By framing dietary advice in terms of good and bad nutrients, and by burying the recommendation that we should eat less of any particular food, it was easy for the take-home message of the 1977 and 1982 dietary guidelines to be simplified as follows: Eat more low-fat foods. And that is what we did. We’re always happy to receive a dispensation to eat more of something (with the possible exception of oat bran), and one of the things nutritionism reliably gives us is some such dispensation: low-fat cookies then, low-carb beer now.In the end, the advice is to eat real food and to eat less. Actually, he's got 9 points of advice at the end -- well worth reading -- but it's mainly eat real food and eat less.
***
Interesting idea: "the Okinawans practiced a principle they called 'Hara Hachi Bu': eat until you are 80 percent full." Funny! I don't think Americans could even grasp the concept of identifying the 80 percent point. It's hard enough for us to notice the point at which we are full. We don't even know how to be put off by the gross portions that are set down in front of us in restaurants.
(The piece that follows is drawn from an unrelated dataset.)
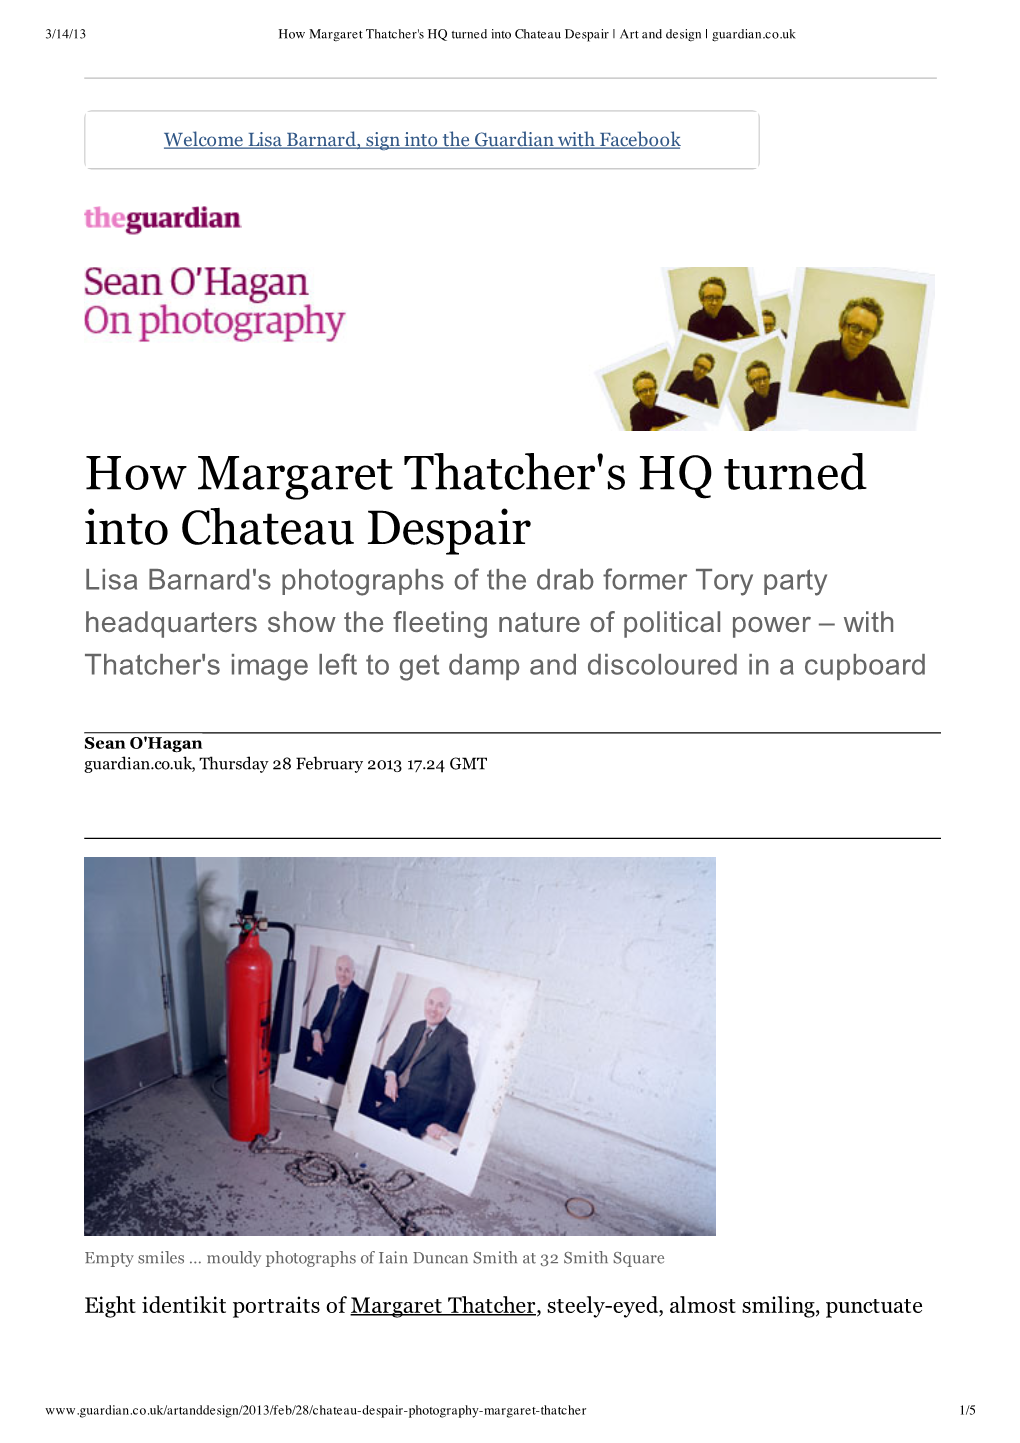 How Margaret Thatcher's HQ Turned Into Chateau Despair by Sean O

When I go to steakhouses here in Madison, I always order the smallest size -- "petite" -- and it's 6 ounces. I never want to eat the whole thing, and then I feel silly bringing home a 3 ounce portion. But, you know, 3 ounces is considered -- by some official standard -- to be one portion of meat. So I go to a restaurant, order the dinky size, and it's a double portion. It's very hard to develop common sense about how much to eat under such conditions. If you pay $30 for a steak, you don't want to leave $15 worth of it! You push yourself to eat even though you aren't hungry, and it becomes second nature.